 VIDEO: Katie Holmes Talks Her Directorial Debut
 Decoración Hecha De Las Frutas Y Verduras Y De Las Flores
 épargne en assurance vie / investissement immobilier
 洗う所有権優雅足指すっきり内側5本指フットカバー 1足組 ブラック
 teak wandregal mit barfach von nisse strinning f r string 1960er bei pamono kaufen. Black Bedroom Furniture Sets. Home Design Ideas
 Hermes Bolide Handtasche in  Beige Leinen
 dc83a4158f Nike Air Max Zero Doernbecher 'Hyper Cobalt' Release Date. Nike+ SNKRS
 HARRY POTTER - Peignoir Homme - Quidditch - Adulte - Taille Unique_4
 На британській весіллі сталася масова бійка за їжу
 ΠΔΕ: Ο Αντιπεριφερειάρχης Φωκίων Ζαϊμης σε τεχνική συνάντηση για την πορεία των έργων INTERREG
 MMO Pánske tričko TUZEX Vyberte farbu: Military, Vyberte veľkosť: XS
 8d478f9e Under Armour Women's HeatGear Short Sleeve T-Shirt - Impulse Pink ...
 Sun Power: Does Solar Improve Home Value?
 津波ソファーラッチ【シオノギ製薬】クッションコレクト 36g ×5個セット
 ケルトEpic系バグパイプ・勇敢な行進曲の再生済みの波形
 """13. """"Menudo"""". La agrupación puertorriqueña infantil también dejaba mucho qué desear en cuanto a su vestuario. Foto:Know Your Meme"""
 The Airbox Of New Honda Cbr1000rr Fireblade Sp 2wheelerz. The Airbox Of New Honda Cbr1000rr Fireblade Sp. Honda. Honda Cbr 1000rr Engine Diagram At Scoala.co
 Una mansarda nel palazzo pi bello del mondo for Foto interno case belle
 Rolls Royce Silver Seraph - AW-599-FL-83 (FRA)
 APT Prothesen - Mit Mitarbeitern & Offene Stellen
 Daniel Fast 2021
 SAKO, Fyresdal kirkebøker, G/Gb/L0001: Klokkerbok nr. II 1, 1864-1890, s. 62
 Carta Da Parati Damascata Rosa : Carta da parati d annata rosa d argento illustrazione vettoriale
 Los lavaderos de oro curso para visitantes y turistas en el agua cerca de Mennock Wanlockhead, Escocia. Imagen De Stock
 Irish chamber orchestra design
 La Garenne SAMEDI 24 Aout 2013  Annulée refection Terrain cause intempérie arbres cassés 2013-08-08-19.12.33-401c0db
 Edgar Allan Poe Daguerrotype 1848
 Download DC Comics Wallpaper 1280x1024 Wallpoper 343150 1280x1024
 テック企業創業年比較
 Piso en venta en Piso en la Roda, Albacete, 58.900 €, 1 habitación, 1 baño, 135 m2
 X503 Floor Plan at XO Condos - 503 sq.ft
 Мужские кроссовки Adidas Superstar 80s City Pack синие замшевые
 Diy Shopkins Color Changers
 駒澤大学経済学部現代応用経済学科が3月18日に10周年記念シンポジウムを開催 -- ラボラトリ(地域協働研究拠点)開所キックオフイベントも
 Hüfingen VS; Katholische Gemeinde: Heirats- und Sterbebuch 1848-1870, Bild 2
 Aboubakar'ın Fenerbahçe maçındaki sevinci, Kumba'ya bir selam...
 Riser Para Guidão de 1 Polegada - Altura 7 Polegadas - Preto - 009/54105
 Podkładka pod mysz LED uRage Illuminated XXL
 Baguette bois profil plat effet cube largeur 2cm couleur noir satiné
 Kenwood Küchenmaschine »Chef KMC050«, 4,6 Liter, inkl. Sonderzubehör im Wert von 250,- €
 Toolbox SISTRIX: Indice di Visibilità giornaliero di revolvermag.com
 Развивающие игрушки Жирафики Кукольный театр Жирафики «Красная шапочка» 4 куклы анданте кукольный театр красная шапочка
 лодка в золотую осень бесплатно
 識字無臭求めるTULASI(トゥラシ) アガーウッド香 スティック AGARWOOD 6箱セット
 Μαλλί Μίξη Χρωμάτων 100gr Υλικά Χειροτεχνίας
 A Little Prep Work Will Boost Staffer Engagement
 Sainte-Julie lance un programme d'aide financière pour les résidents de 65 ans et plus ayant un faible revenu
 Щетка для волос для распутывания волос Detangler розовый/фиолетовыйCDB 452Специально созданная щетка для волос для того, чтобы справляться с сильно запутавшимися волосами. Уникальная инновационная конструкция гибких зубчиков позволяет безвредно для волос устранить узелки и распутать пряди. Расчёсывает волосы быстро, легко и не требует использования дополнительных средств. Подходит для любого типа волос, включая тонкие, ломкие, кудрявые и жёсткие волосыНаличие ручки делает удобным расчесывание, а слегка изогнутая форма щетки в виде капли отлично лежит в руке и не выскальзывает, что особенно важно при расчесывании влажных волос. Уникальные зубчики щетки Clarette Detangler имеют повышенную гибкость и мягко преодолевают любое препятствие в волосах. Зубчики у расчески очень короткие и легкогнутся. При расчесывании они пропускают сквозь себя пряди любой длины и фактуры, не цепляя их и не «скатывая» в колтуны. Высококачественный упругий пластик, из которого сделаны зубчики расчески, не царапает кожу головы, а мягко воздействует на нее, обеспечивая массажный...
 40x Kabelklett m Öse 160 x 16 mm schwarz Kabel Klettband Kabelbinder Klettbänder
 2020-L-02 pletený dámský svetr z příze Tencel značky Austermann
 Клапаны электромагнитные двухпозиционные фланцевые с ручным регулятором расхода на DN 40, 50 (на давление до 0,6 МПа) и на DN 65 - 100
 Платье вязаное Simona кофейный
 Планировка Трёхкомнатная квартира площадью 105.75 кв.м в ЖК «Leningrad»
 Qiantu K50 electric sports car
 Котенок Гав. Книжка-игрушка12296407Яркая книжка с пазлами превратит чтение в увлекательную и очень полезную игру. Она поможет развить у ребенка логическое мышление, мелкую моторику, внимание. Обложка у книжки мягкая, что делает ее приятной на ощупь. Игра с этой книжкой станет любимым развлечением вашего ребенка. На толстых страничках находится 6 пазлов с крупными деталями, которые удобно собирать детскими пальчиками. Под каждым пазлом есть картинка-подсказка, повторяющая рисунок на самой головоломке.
* * * * * * * * *
● **Description of the task**: Return a copy of each line in the entries that carries the string "Foto".

● **Response to the exercise**:
 """13. """"Menudo"""". La agrupación puertorriqueña infantil también dejaba mucho qué desear en cuanto a su vestuario. Foto:Know Your Meme"""
 Una mansarda nel palazzo pi bello del mondo for Foto interno case belle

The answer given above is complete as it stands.